Thank you so much!!!! I do, I spent a couple hours there on Sunday! Haha. We’ve only had him since Saturday, my daughter is 10 and is helping, but ‍
He is not even interested in using the litter box. Not once yet.


----------



## Lauren Kiernan (Aug 27, 2019)

Best Christmas present ever from my husband. Helps make bunny cleaning easier


----------



## Lauren Kiernan (Aug 27, 2019)

Ohhh. He is very new. Right now I expect he is trying to claim the area as his by decorating it with poo. I bet as time goes by there will be less as he is more comfortable. Even now, when I clean Charlie's place. He has to go in and drop a couple to mark his area. These are territorial poos. Amazing how much comes out of them. 
It really should get better but make take a couple weeks. At least till hormones hit. 
Do.you have a vet in mind? They will neuter after 4mos, spay I think a little older.


----------



## Lauren Kiernan (Aug 27, 2019)

I'm sure they told you this, but make sure to put some of his poo in the box and if he urinates on paper, some of that too to help him get the hint.


----------



## Erika Malady (Aug 27, 2019)

Lauren Kiernan said:


> I'm sure they told you this, but make sure to put some of his poo in the box and if he urinates on paper, some of that too to help him get the hint.


 I’ve been doing putting them in the litter box, the woman I bought him from was a breeder, she really give me a lot of misinformation, like she showed me a cage to keep him in, then I did a bunch of research over a couple weeks on the Internet and learn that he needs to be in an enclosure and potentially free roam when he is litter trained. I would’ve bought from a rescue if I knew better. She says she will take care of everything in four months when he’s ready to be neutered & get shots.

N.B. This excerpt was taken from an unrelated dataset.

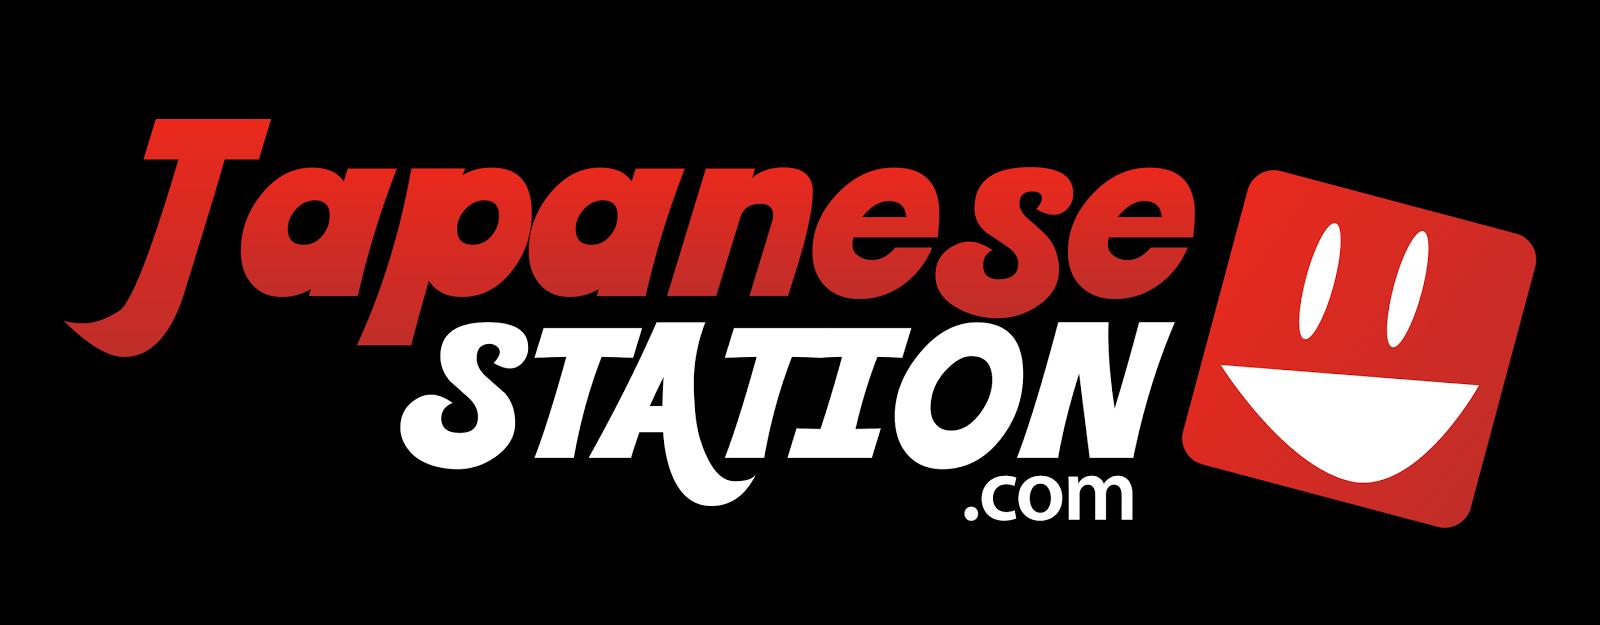 www.japanesestation.com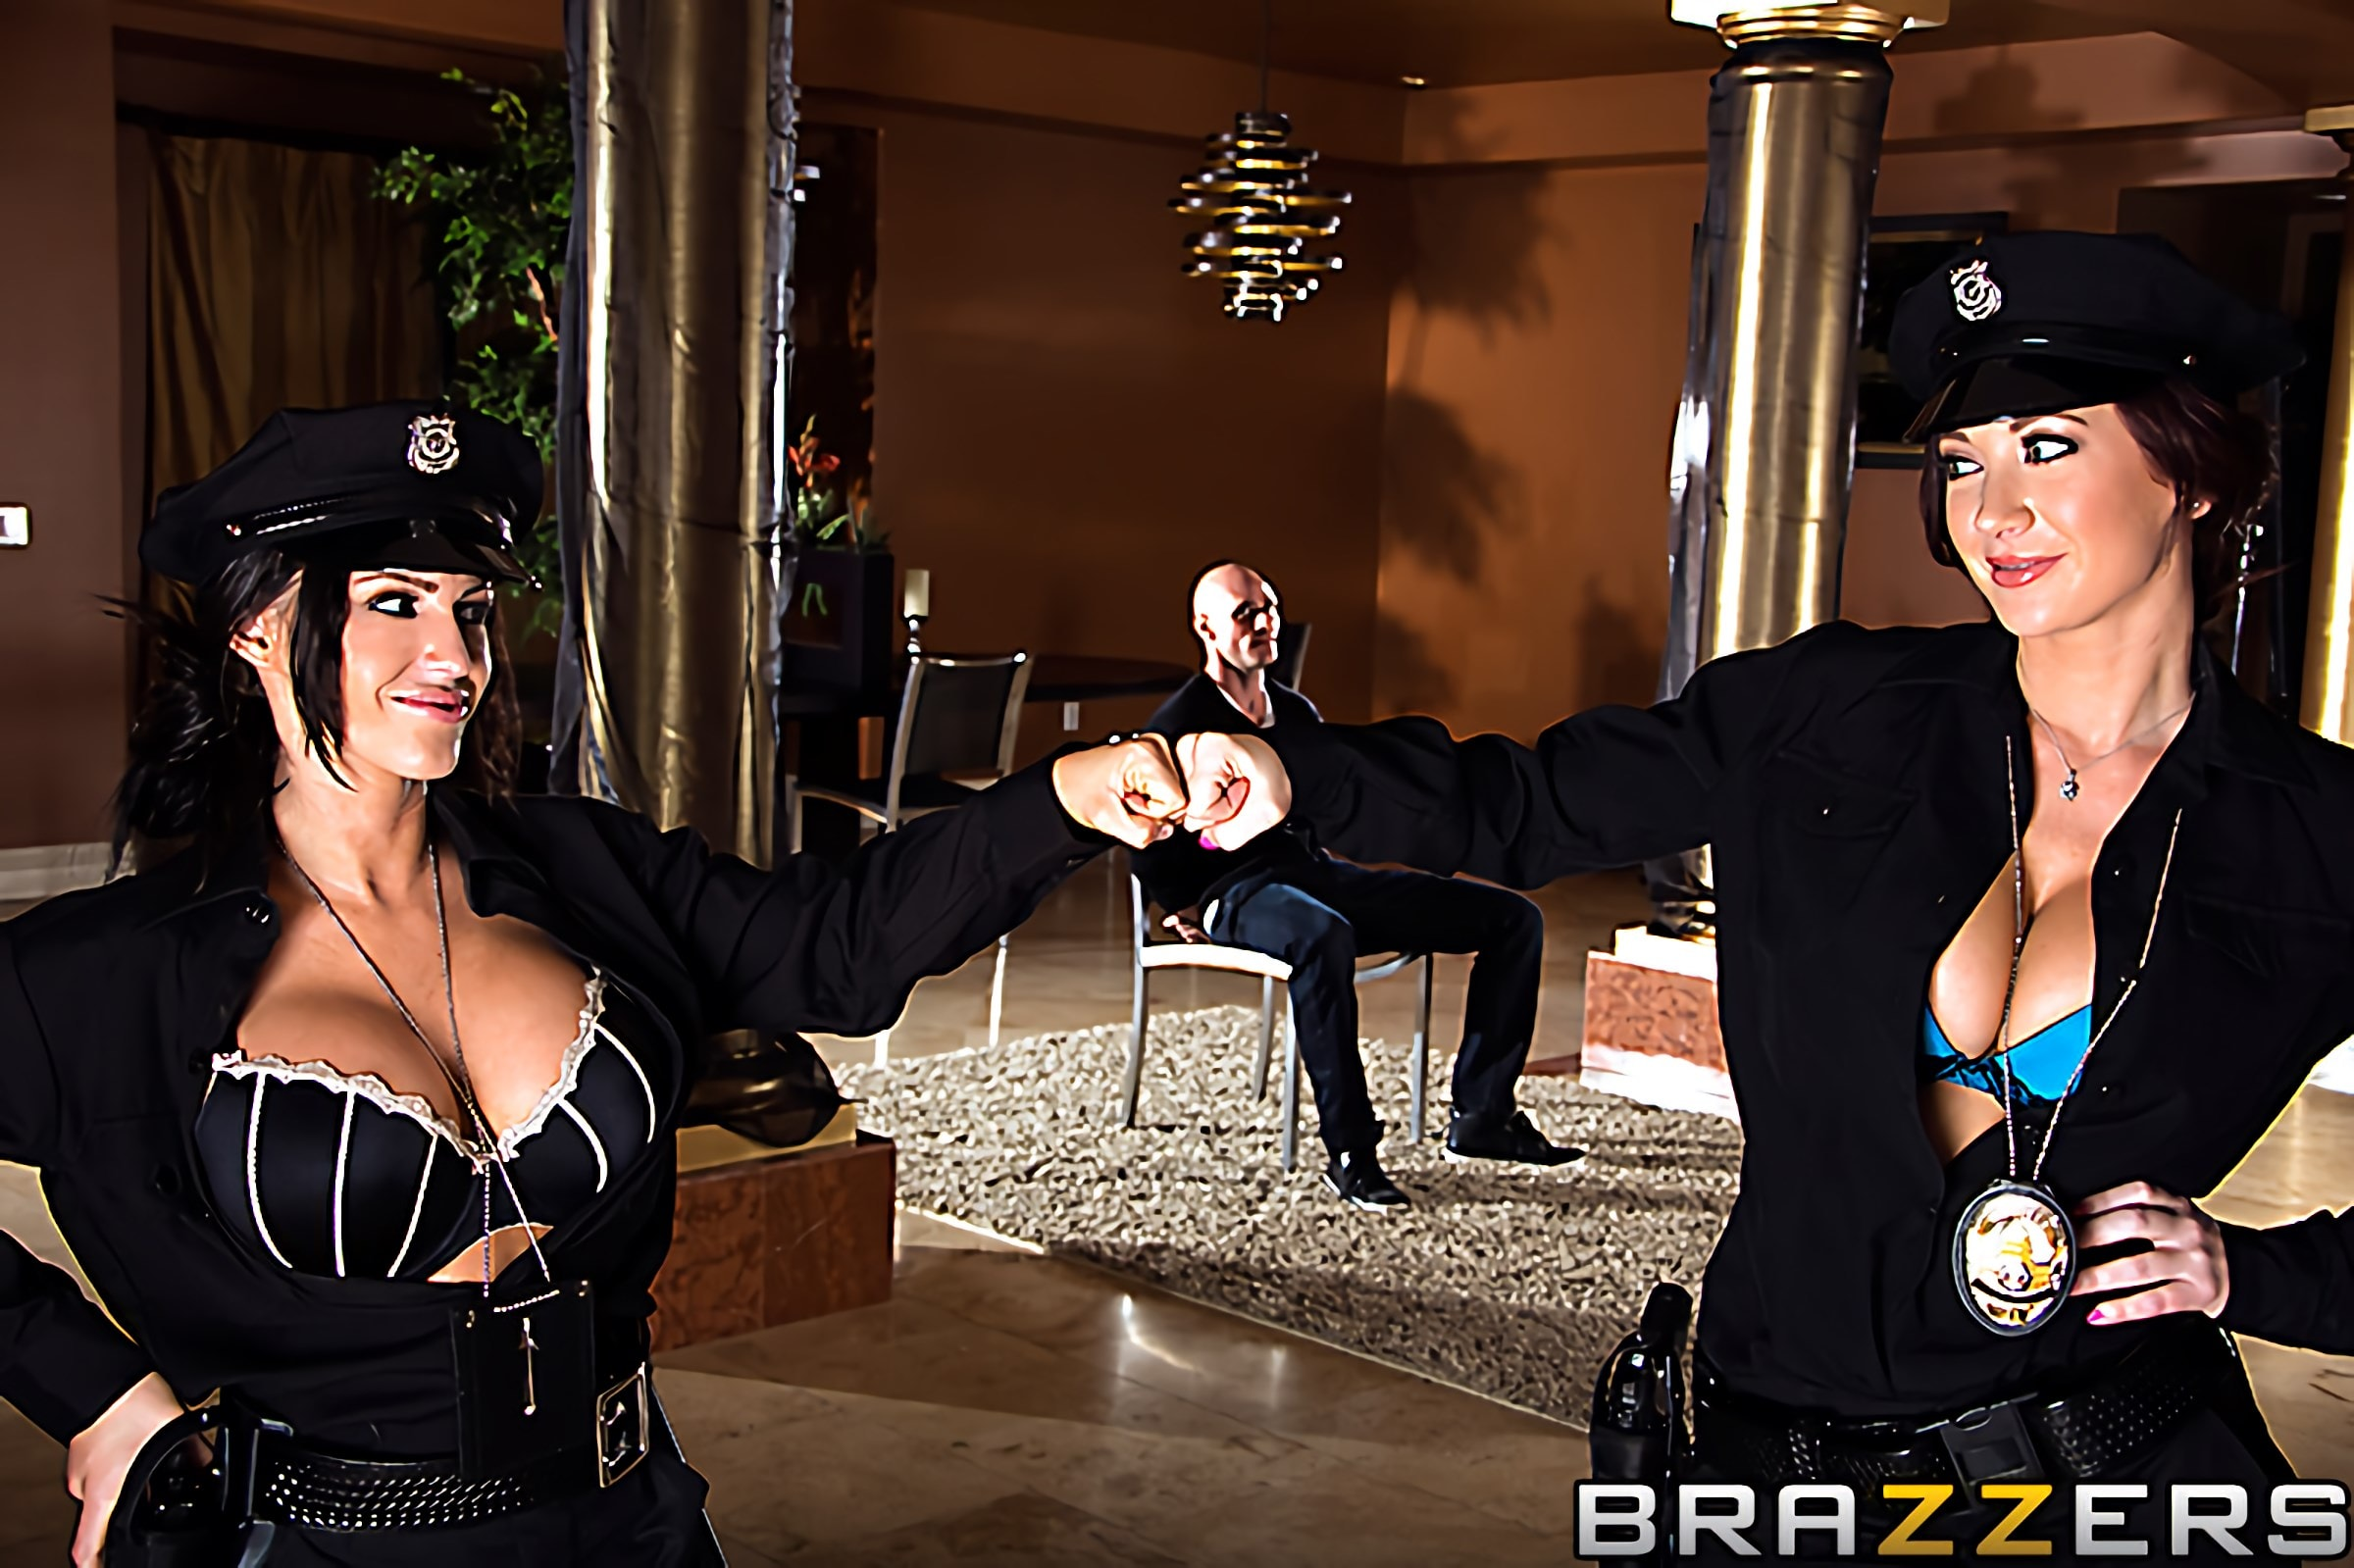 Brazzers 'Enhanced Interrogation' starring Jayden Jaymes (Photo 2)

Thanks for all your advice, it’s a lot harder than I imagined! But want to make it work!


----------



## Erika Malady (Aug 27, 2019)

Lauren Kiernan said:


> Best Christmas present ever from my husband. Helps make bunny cleaning easier


 I’m going to get one! Haha. Do use this for the hard poos?


----------



## Erika Malady (Aug 27, 2019)

Erika Malady said:


> I’m going to get one! Haha. Do use this for the hard poos?


 Also how many sets of NIC did you use for your enclosure?


----------



## Lauren Kiernan (Aug 27, 2019)

I use the vaccum for the hair and poo. The brush and is removable. Also handy for other areas in the house.
I already had the NIC grids. They were arts and craft shelves in my old house. I used a combo of the knobs they come with and zip ties. There are 30 on the main enclosure. I used the zip ties for the doors and bull clips to close, later I had switched to carabiners cuz he learned to head but it open. The only time I close him in is if he is in bunny time out, ie tries to pee on the couch
That's great that the breeder will take care of the neuter. I am in CT. Cost me $80 for the preop visit and $298 for the neuter. The Vet is specialized in exotics. Tried to talk my son into a rescue. Then all is done! Training a bunny is like training a toddler. Takes awhile but eve8 you get there.


----------



## Lauren Kiernan (Aug 27, 2019)

Another thing I thought of for the babies. If he can fit his head through a space, he will most likely get all of him i . Ours got behind and under a dining buffet . Also worth the NIC grids, don't use them until you are sure the boney part of his face cant get through. Some one on this forum had that happen and the bunny was seriously injured. Be aware of slippery stairs( I block mine off) and chairs, couches not against the wall where he may try to leap off too.


----------



## Erika Malady (Aug 27, 2019)

Thank you so much! You cannot imagine how much I appreciate all the advice that you’ve given me, truly! I appreciate it so much! I ordered the hand vac and will go check out the grids at bed Bath and beyond before I order them from Amazon! 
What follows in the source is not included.